Incidence is calculated by estimating the rate at which new infections of SARS-CoV-2 occur within the subgroups analysed over time, reported as a rate per 100,000 individuals. Prevalence is a measure of the proportion of the population infected with SARS-CoV-2. An infected individual’s exposure date to SARS-CoV-2 occurs prior to testing positive. Incidence is a measure of new infections by exposure date therefore, it is reported with a temporal delay relative to prevalence. The prevalence at a given point in time can be expressed in terms of the number of recently infected individuals that have not yet cleared the virus. Using the repeat testing data collected in the survey, we estimate how long an individual is likely to test positive for, known as the duration of positivity. The model uses the duration of positivity, obtained from follow up testing, to estimate a time series of incidence rates, by demographic group, that is most credible in generating the observed positivity in the survey cohort. This allows the model to then estimate the prevalence at each point in time from the temporal pattern of incidence rates.

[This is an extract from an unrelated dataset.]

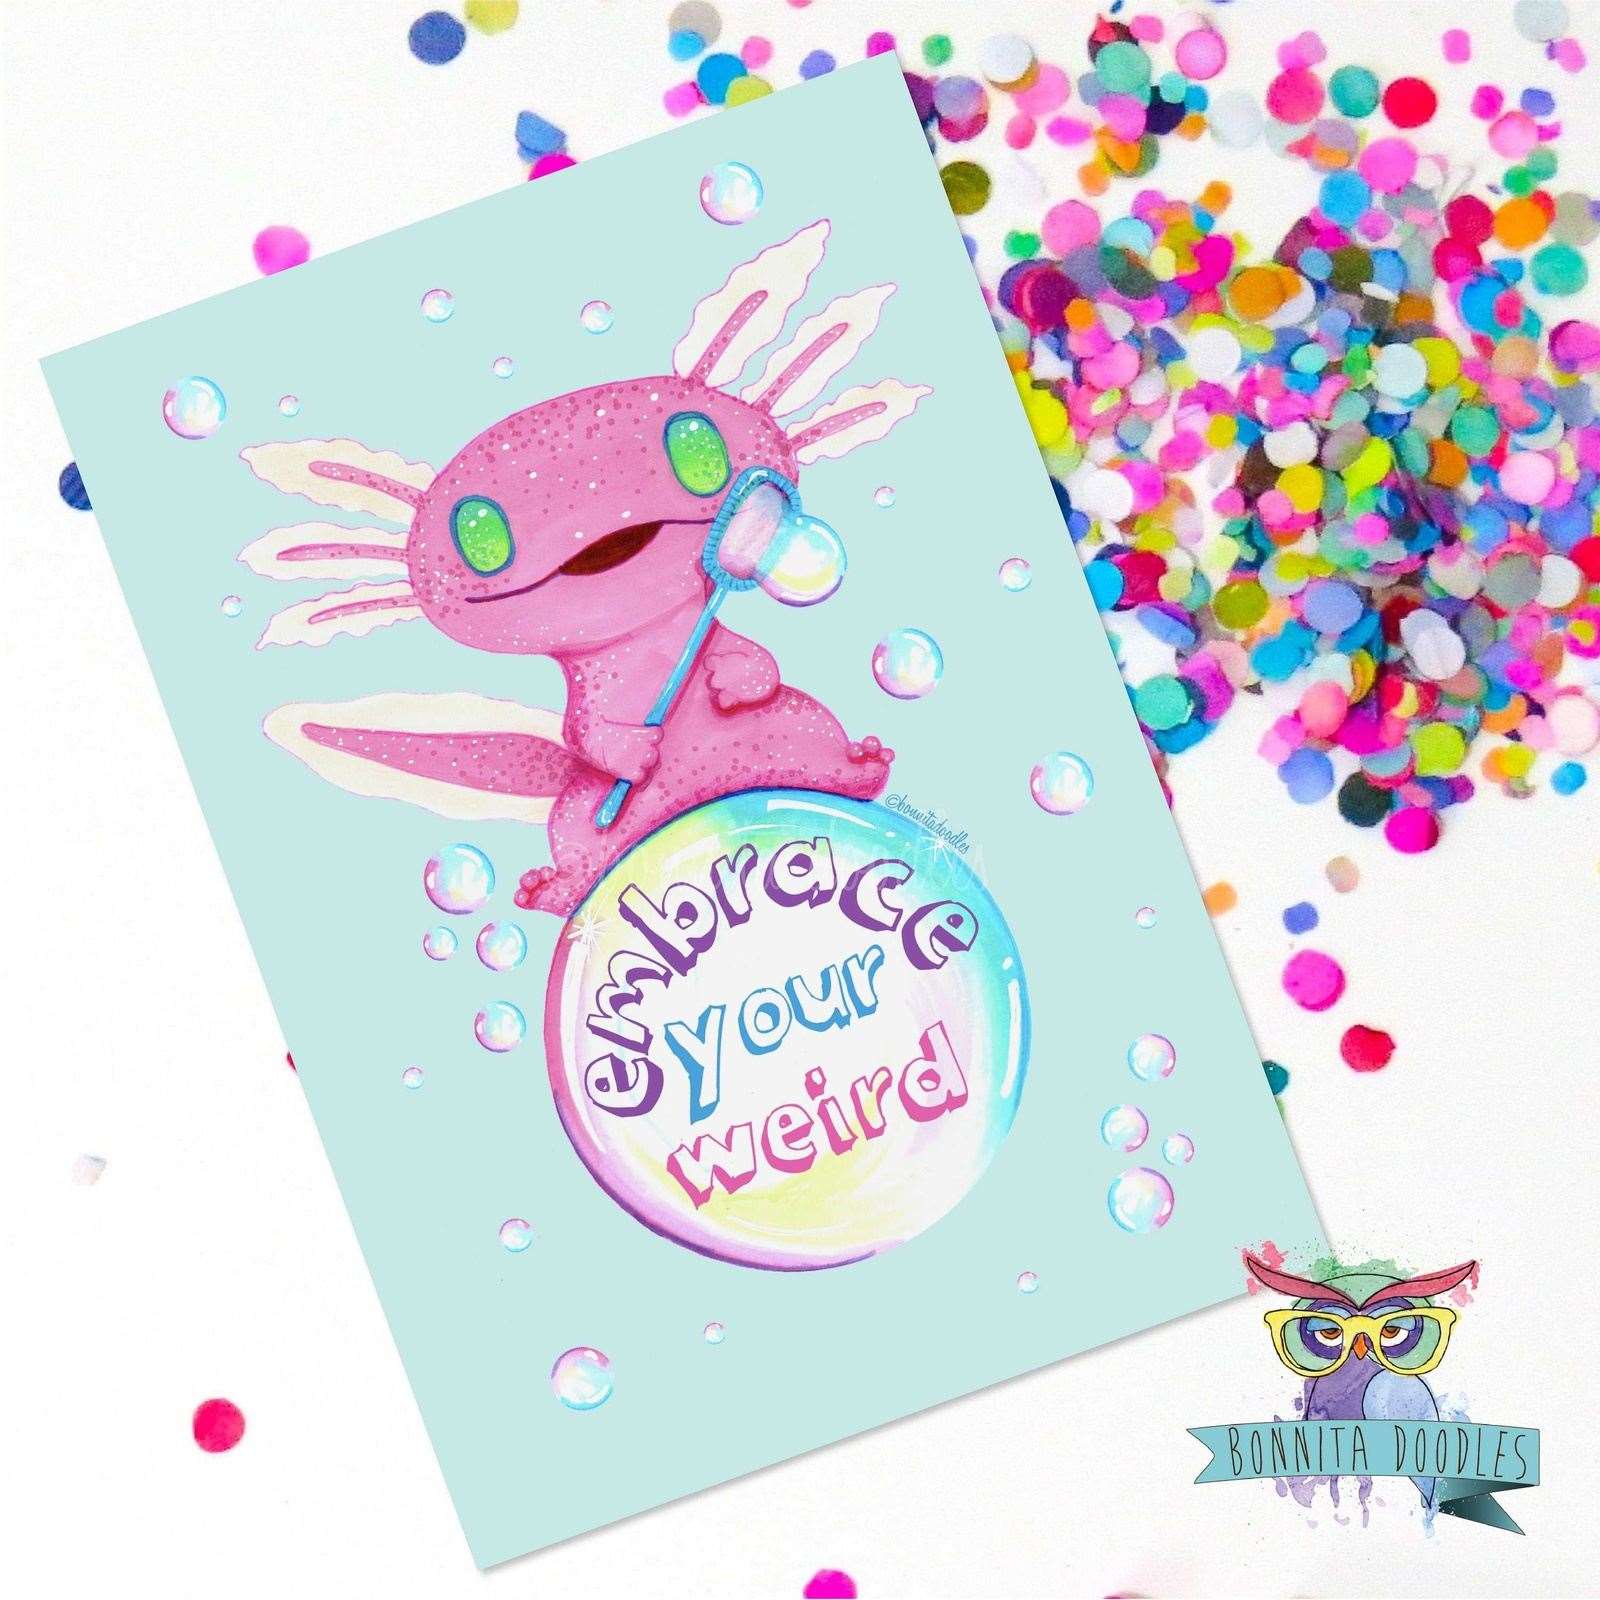 Axolotl Newt Embrace your weird A6 print - now in Holographic too
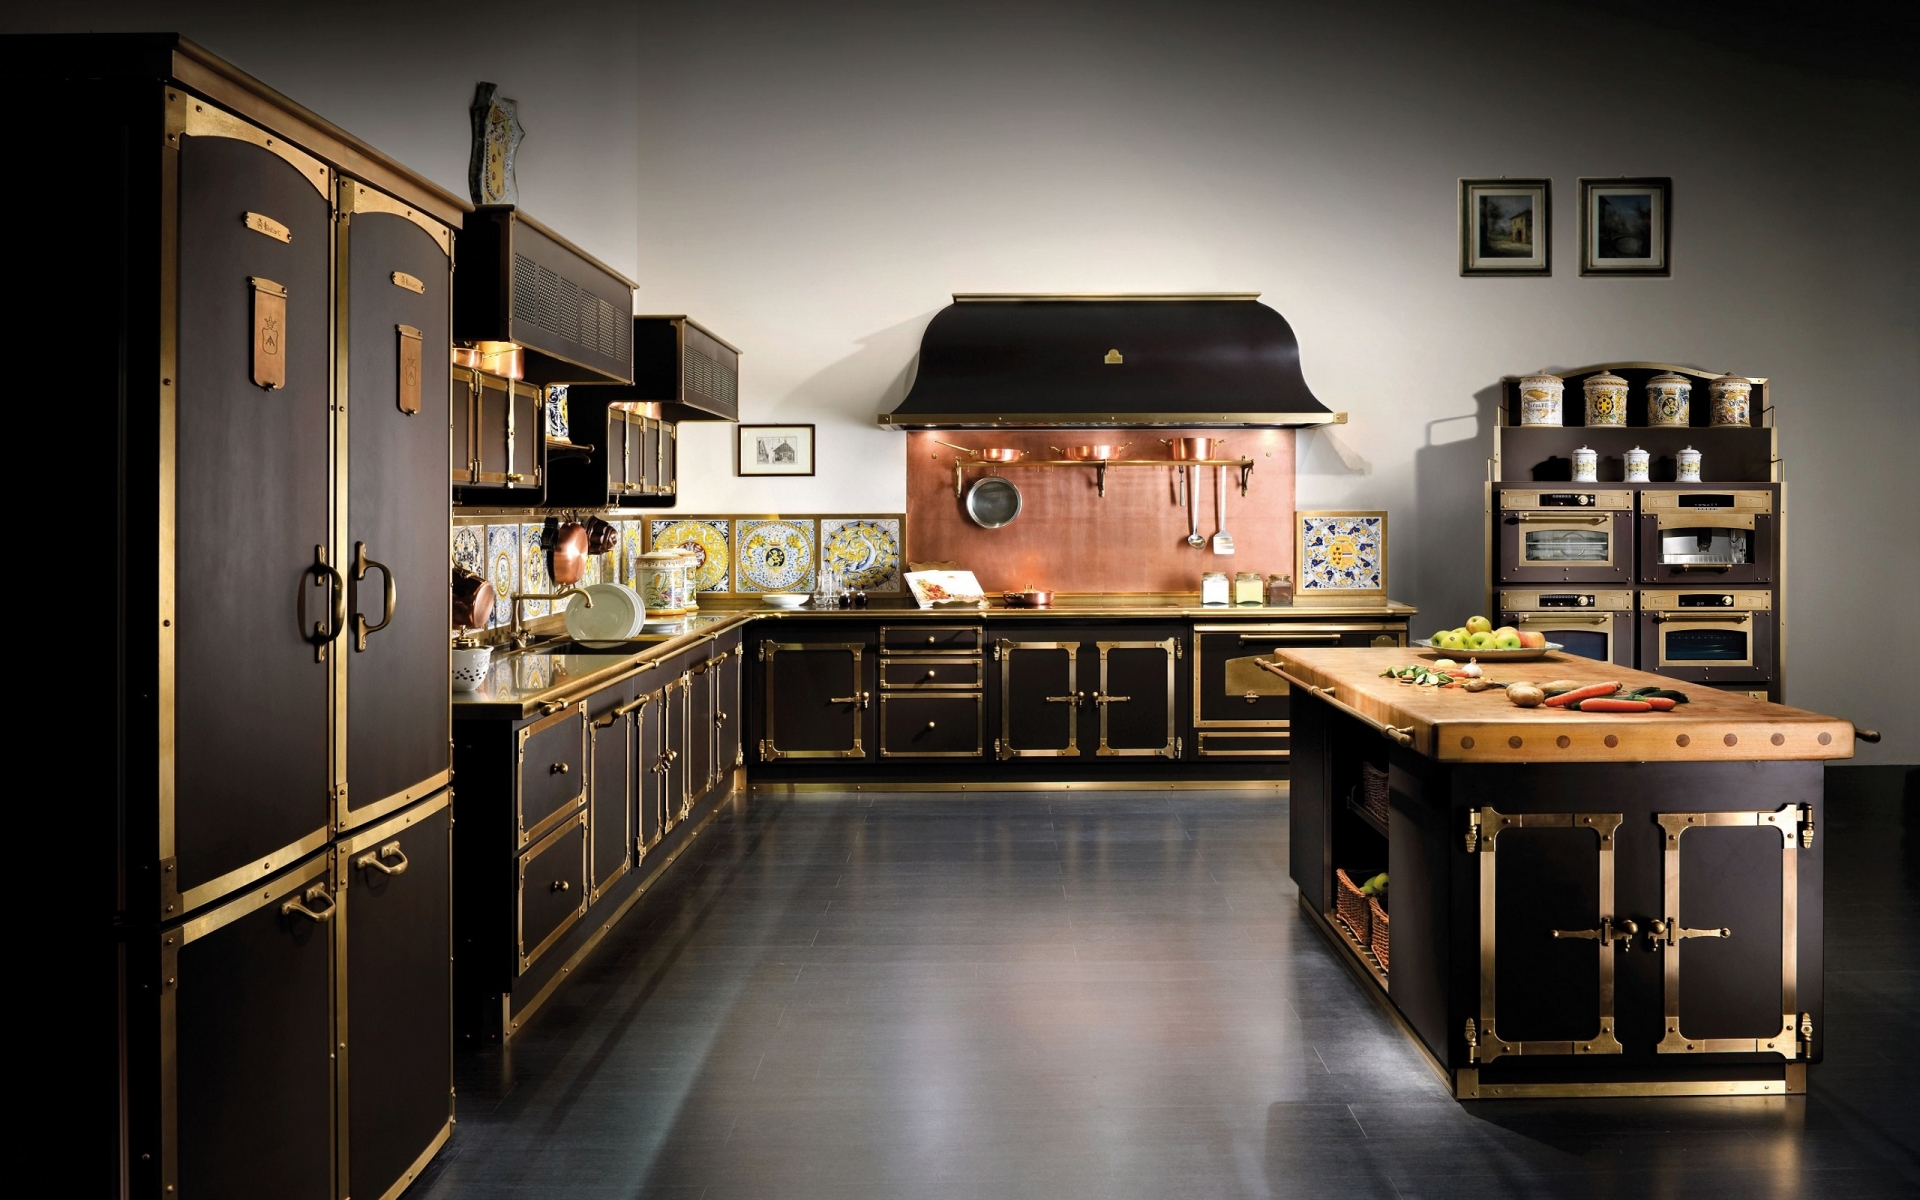 https://www.artchateau.com//images-articles/20083/box2/1-2-Officine-Gullo-Leading-Artisans-in-Fine-Italian-Kitchens-lg.jpg

The proportion of SARS-CoV-2 positive tests in the study is known as the test positivity. Prevalence is calculated by adjusting positivity to account for imperfect test performance. To do this a statistical model was developed that adjusts for the diagnostic performance of the LFD test.

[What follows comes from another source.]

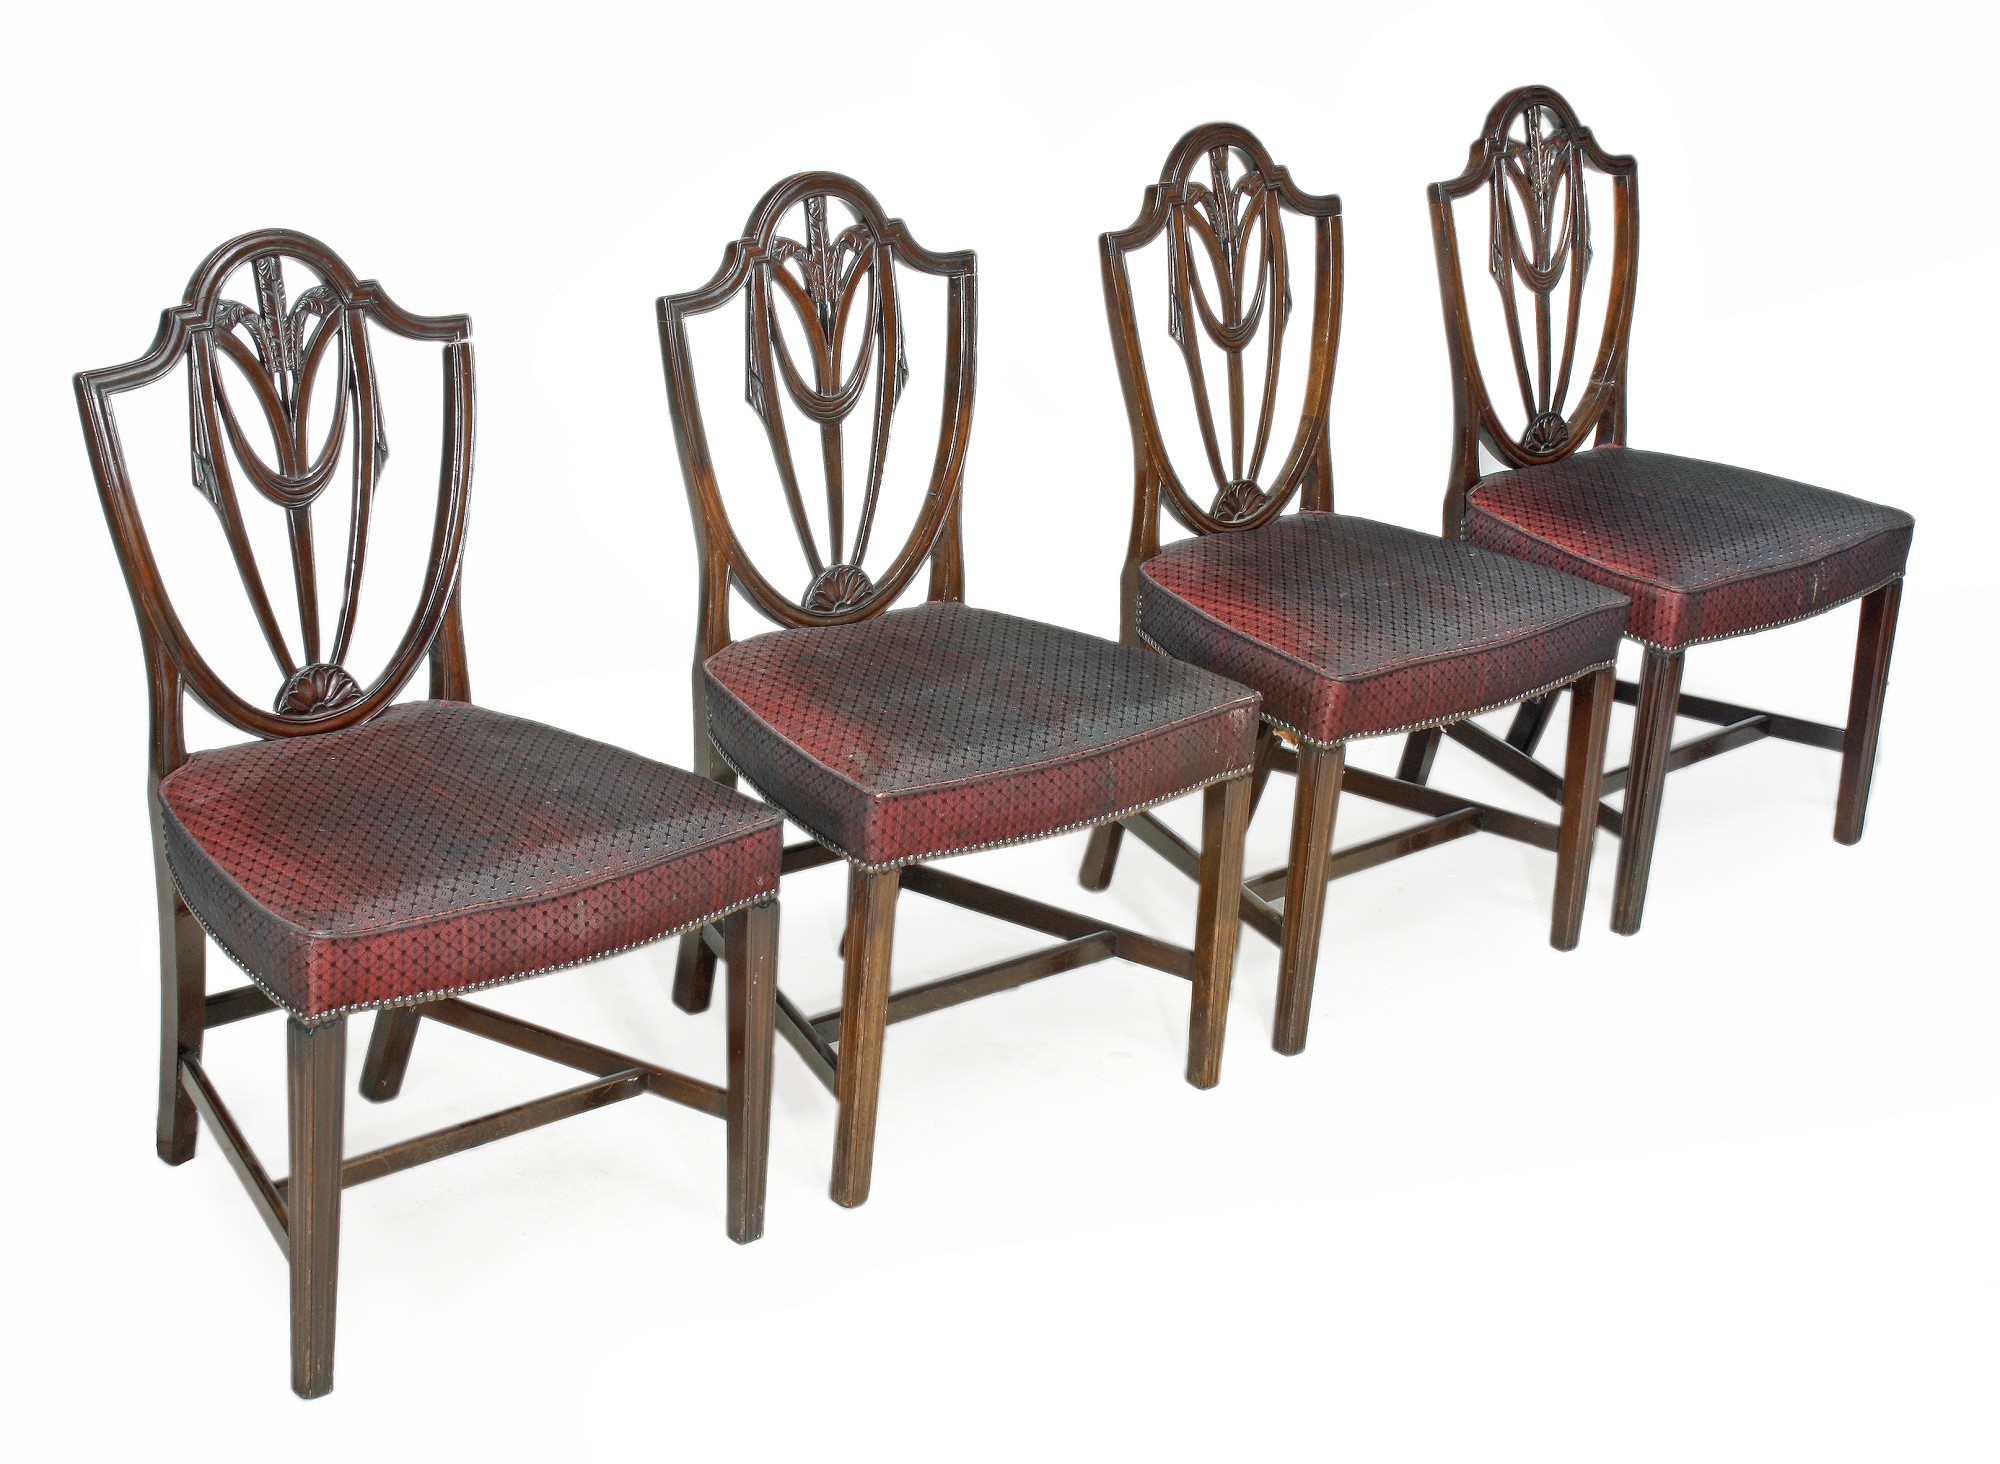 A set of four mahogany chairs, in George III style

The model reweights both the estimated prevalence and incidence rate to account for subgroups that might be underrepresented or over-represented in the survey sample.

The infection hospitalisation risk (IHR) measures the risk of hospitalisation given that an individual has been infected with the SARS-CoV-2 virus. The IHR can be estimated using the incidence rate and the number of new hospitalisations through time. It is modelled by temporally matching the incidence time series to the time series of hospitalisations, which adjusts for the delay from an individual becoming infected to going to hospital, and then estimating the proportion of newly infected individuals that went on to be hospitalised. Daily hospitalisations data come from the NHS England COVID-19 Hospital Statistics. The time delay was informed using data from the Emergency Care Data Set linked to testing data from the Second Generation Surveillance System (SGSS). An estimate of the IHR is provided for England only, with an estimate for each age group, and a re-weighted overall figure. No data from Scotland were included due to differing definitions of a COVID-19 hospitalisation between the two countries. A separate IHR for Scotland will be provided in a future release.

Statistical model

A Bayesian multi-level regression with post-stratification (MRP) model was used to produce estimates of prevalence and incidence rates. UKHSA reports prevalence and incidence rates over time, for England and Scotland combined, England, Scotland, by age group, and by English region.

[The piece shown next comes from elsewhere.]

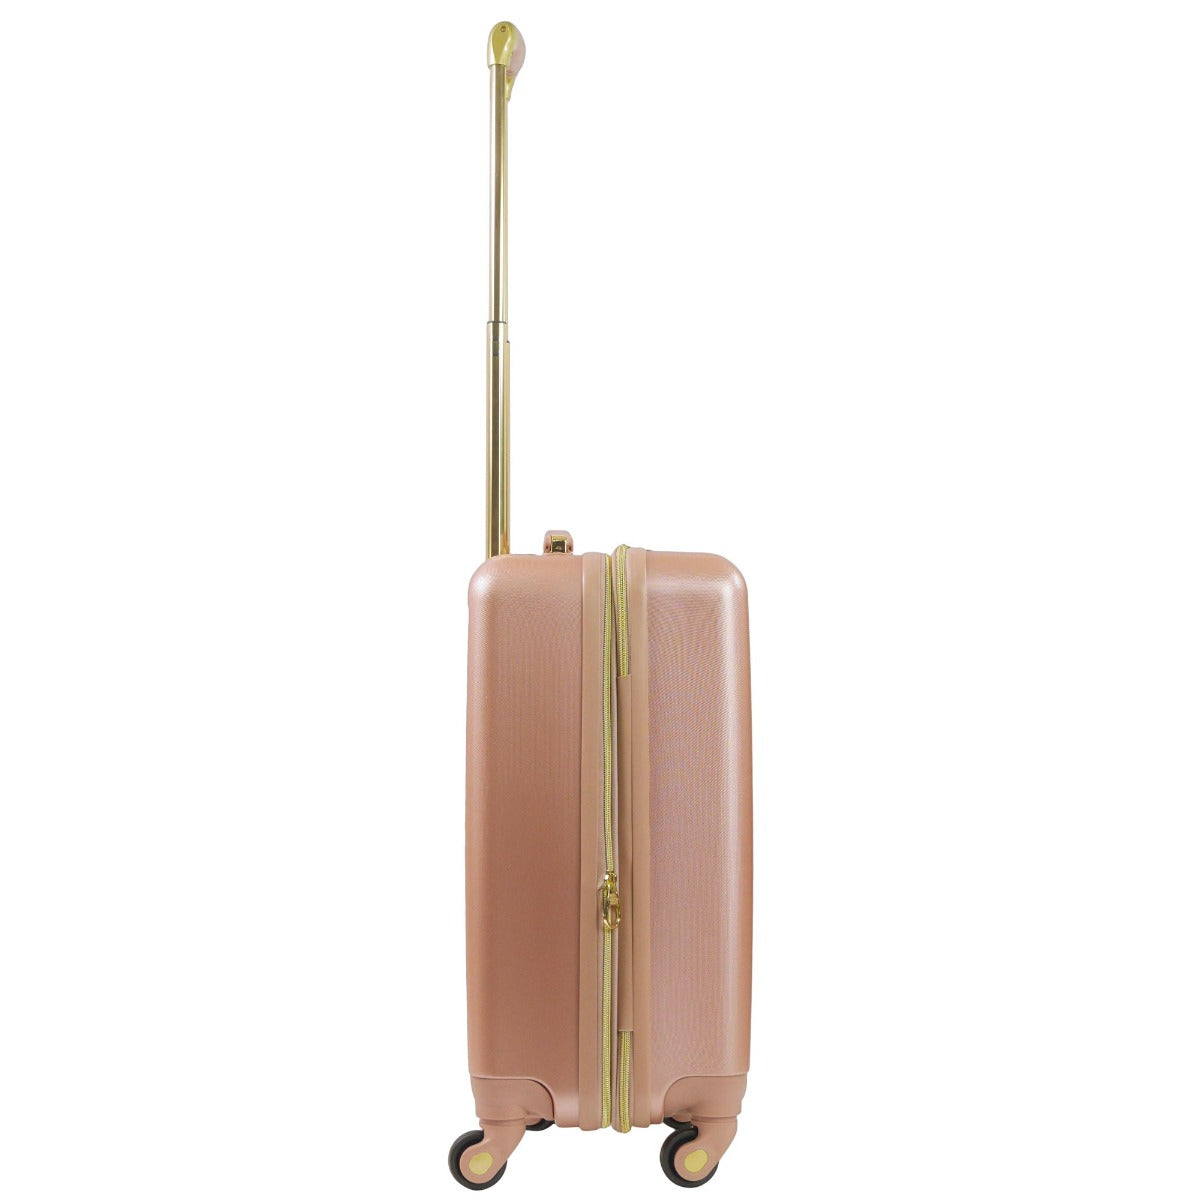 Christian Siriano Addie 22" hardside spinner suitcase rose gold - best dependable luggage

Positivity describes what proportion of the survey reported a positive LFD result. However, some of those sampled that are infected will get a negative test result. These are known as false negatives. False negatives contribute to the calculation of sensitivity, which quantifies the proportion of true positive results (positive test outcomes from infected individuals). Similarly, false positives, where uninfected individuals receive positive test results, contribute to the determination of specificity, which represents the proportion of true negative results (negative test outcomes from uninfected individuals).

The statistical model used accounts for the infections that were missed (false negative tests) and the small number of people who are incorrectly identified as having a SARS-CoV-2 infection (false positive tests). The analysis adjusts positivity to give an estimate of prevalence.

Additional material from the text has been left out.